Tong Wei, Deng Shien, Pan Gang, Che Ming, Zhang Jiawan, Yu Ce

School of Computer Science and Technology, Tianjin University

,

1.  Introduction

Texture synthesis algorithm based on samples uses a smaller size of texture sample to synthesize large size of texture graphics. It can be used to resolve the problems include slot, distort and deformation that appear in the traditional texture synthesis algorithm such as texture mapping, process texture synthesis. This algorithm has wide application potential in mass scenes production, realistic graphics drawing, computer animation and synthesis of games background. In addition, texture synthesis algorithm based on samples can be used to repair and fill the texture graphics which have defects and loopholes, compress the mass texture graphics to samples, generate special effects texture-such as graded texture based on different texture samples, and texture synthesis of the three-dimensional surface.

To synthesize a pixel, the algorithm of texture synthesis based on pixel searches every pixel of the sample image. So there is tremendous calculation and frequent memory access. In the code, we use double buffering to make the computation and data transfer run concurrently. The output picture has been divided into 8 blocks, each SPE deal with one block independently. So the synthesized picture is not smooth at the boundary of two adjoining blocks. To solve this, we refer to the minimum error boundary, which is a concept of synthesis based on block [1].

2.  Algorithm of Multi-resolutionTexture Synthesis

The process of the serial texture synthesis algorithm:

Get input texture sample image Iin and a white random noise Iout;

Get point P0(x, y)’s L-neighborhood N0(x, y) in a raster scan ordering from output image Iout;

Find a pixel P1(x’, y’) from the input sample image ,whose L-neighborhood is most liked the L-neighborhood N0(x, y);

Set P1(x’, y’) to P0(x, y) ;

Repeat upper steps until Iout complete;

The multi-resolution synthesis algorithm proceeds as follows. Two Gaussian pyramids, Gin and Gout, are first built from Iin and Iout, respectively. The algorithm then transforms Gout from lower to higher resolutions, such that each higher resolution level is constructed from the already synthesized lower resolution levels. This is similar to the sequence in which a picture is painted: long and thick strokes are placed first, and details are then added.

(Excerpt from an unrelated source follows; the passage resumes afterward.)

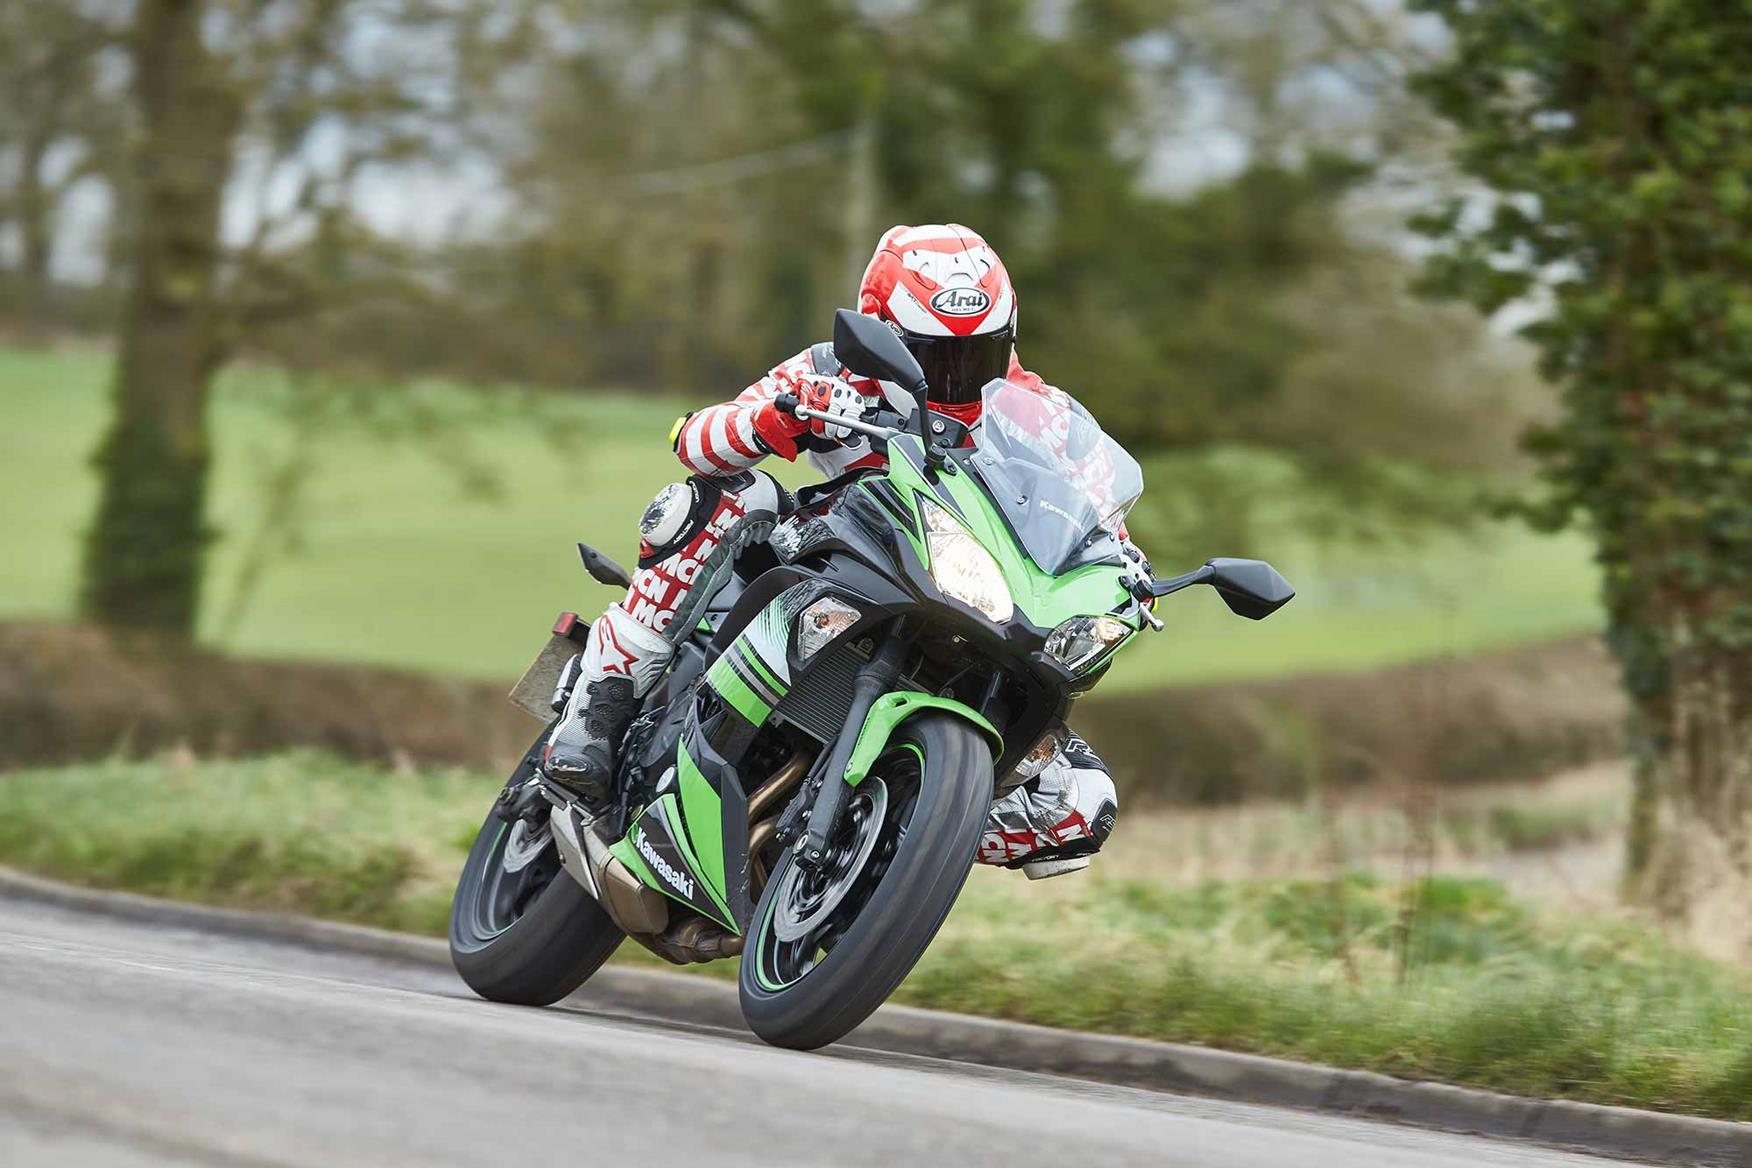 The Kawasaki Ninja 650 ridden by MCN's Bruce Dunn

Within each output pyramid level Gout (L), the pixels are synthesized in a way similar to the single resolution case where the pixels are assigned in a raster scan ordering. The only modification is that for the multi-resolution case, each neighborhood N(p) contains pixels in the current resolution as well as those in the lower resolutions. The similarity between two multi-resolution neighborhoods is measured by computing the sum of the squared distance of all pixels within them. These lower resolution pixels constrain the synthesis process so that the added high frequency details will be consistent with the already synthesized low frequency structures.

3.  Parallelized algorithm for Cell/B.E

(1) Vector of color:

The color of every pixel is 24 bit, the first byte is red, the second is green, and the last is blue. But in Cell one vector contains 128-bit, so we add one byte for every pixel. All bits of the additional byte are 0. Now every pixel consists of four bytes, and there are four pixels in one vector, as showed in figure 1.

Figure 1: Color vector of every pixel

(2)PPE program:

The process of program:

Read the sample picture;

Initiate the output picture, the color of every pixel is random;

Create the input and output multi-layer pyramid

Create transfer block “ctx”, which contains the information for transfer between SPE and PPE;

Create the spe thread;

for(the layers of output pyramid) {

Wait for the signal that all SPEs finished the current layer image;

Send signal to all SPEs to start the synthesis of next layers ;}

Wait for all SPEs finished the last layer;

Synthesize the overlap area of every two blocks;

Write the output picture to disk;

End.

Firstly, PPE reads sample picture, creates the input multi-layer image pyramid. Secondly, PPE initiates the output picture (the color of every pixel is initiated randomly), and create the output pyramid. Thirdly, PPE creates 8 SPEs to synthesize every layers of the output pyramid parallel. The image of every layer in the output pyramid has been divided into 8 blocks, which are distributed to the 8 SPEs (figure 2). Every SPE synthesizes a part of the image, so PPE uses “mbox” to synchronize the 8 SPEs. When SPE finished its block, it sends a signal to PPE through mbox. When PPE receive all SPEs’ signals, it sends signal to SPEs to start the next layer synthesis. After SPEs finished the last layer image, PPE synthesizes the overlap area between every two adjoining blocks. Finally, PPE writes the output picture to disk.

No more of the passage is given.